Objective: Golimumab immunogenicity was extensively studied during clinical development. As anti-drug antibody (ADA) detection with the standard bridging EIA (original-EIA) can yield false-negative results or underestimate ADA incidence and titres due to drug interference, a more sensitive assay was needed to determine clinical impact.

Methods: A highly sensitive drug-tolerant EIA (DT-EIA) was developed and cross-validated against the original-EIA. Samples from phase-3 subcutaneous golimumab rheumatological trials (GO-FORWARD-rheumatoid arthritis, GO-REVEAL-psoriatic arthritis, GO-RAISE-ankylosing spondylitis) were then retested. Associations between ADAs and golimumab pharmacokinetics, efficacy and safety were assessed.
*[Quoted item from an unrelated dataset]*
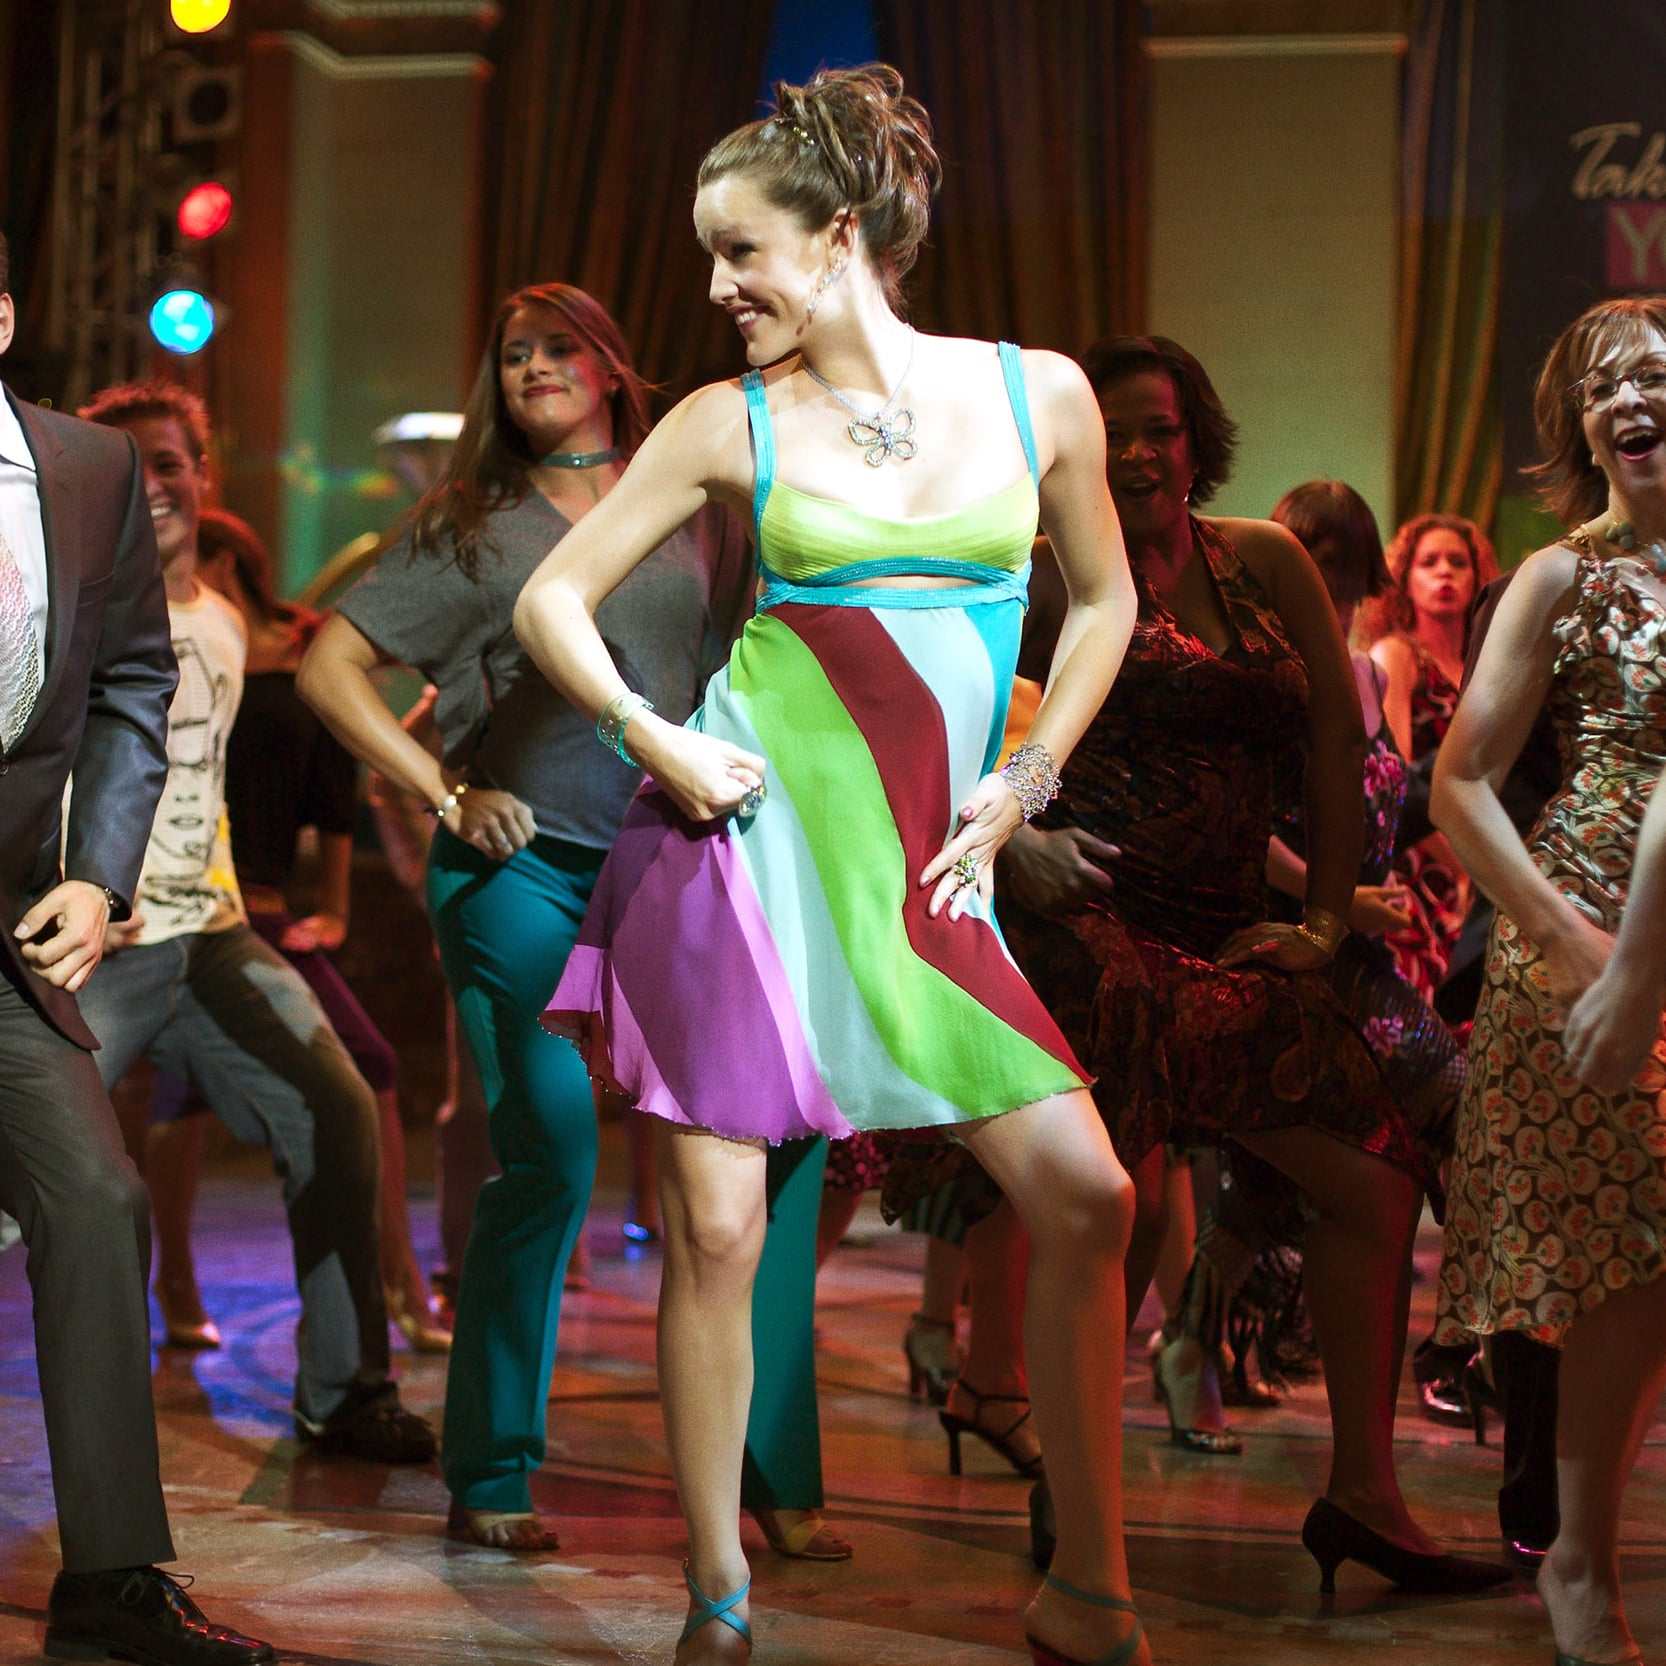 Jennifer Garner as Jenna Rink in the Famous 13 Going on 30 Dress | Shop the  13 Going on 30 Dress on Amazon | TikTok Trend | POPSUGAR Fashion UK Photo 2

Results: The DT-EIA was more sensitive than the original-EIA and capable of detecting ADAs amid golimumab concentrations far exceeding those in immunogenicity test samples. Consequently, an 8-fold increase in the incidence of ADAs was observed with the DT-EIA (31.7%) vs original-EIA (4.1%) in the studies. Most ADA-positive patients identified by the DT-EIA had lower antibody titres, while most with higher titres were previously identified as ADA-positive by the original-EIA. With the DT-EIA, ADA-positive patients generally had lower trough serum golimumab concentrations than ADA-negative patients; however, ADA impact on serum golimumab concentrations was more notable at higher ADA titres (⩾100). No impact of ADAs on clinical efficacy or injection-site reactions was evident.

Conclusion: ADA incidence was expectedly higher using the DT-EIA vs original-EIA; newly detected ADAs were characterized mostly by low titres, with no impact on clinical efficacy or injection-site reactions, consistent with previously observed original-EIA results. Golimumab immunogenicity with the DT-EIA is consistent with existing knowledge regarding the clinical relevance of ADAs detected with the original-EIA in patients with rheumatological disorders.

Trial Registration: NCT00264550, NCT00265096, NCT00265083.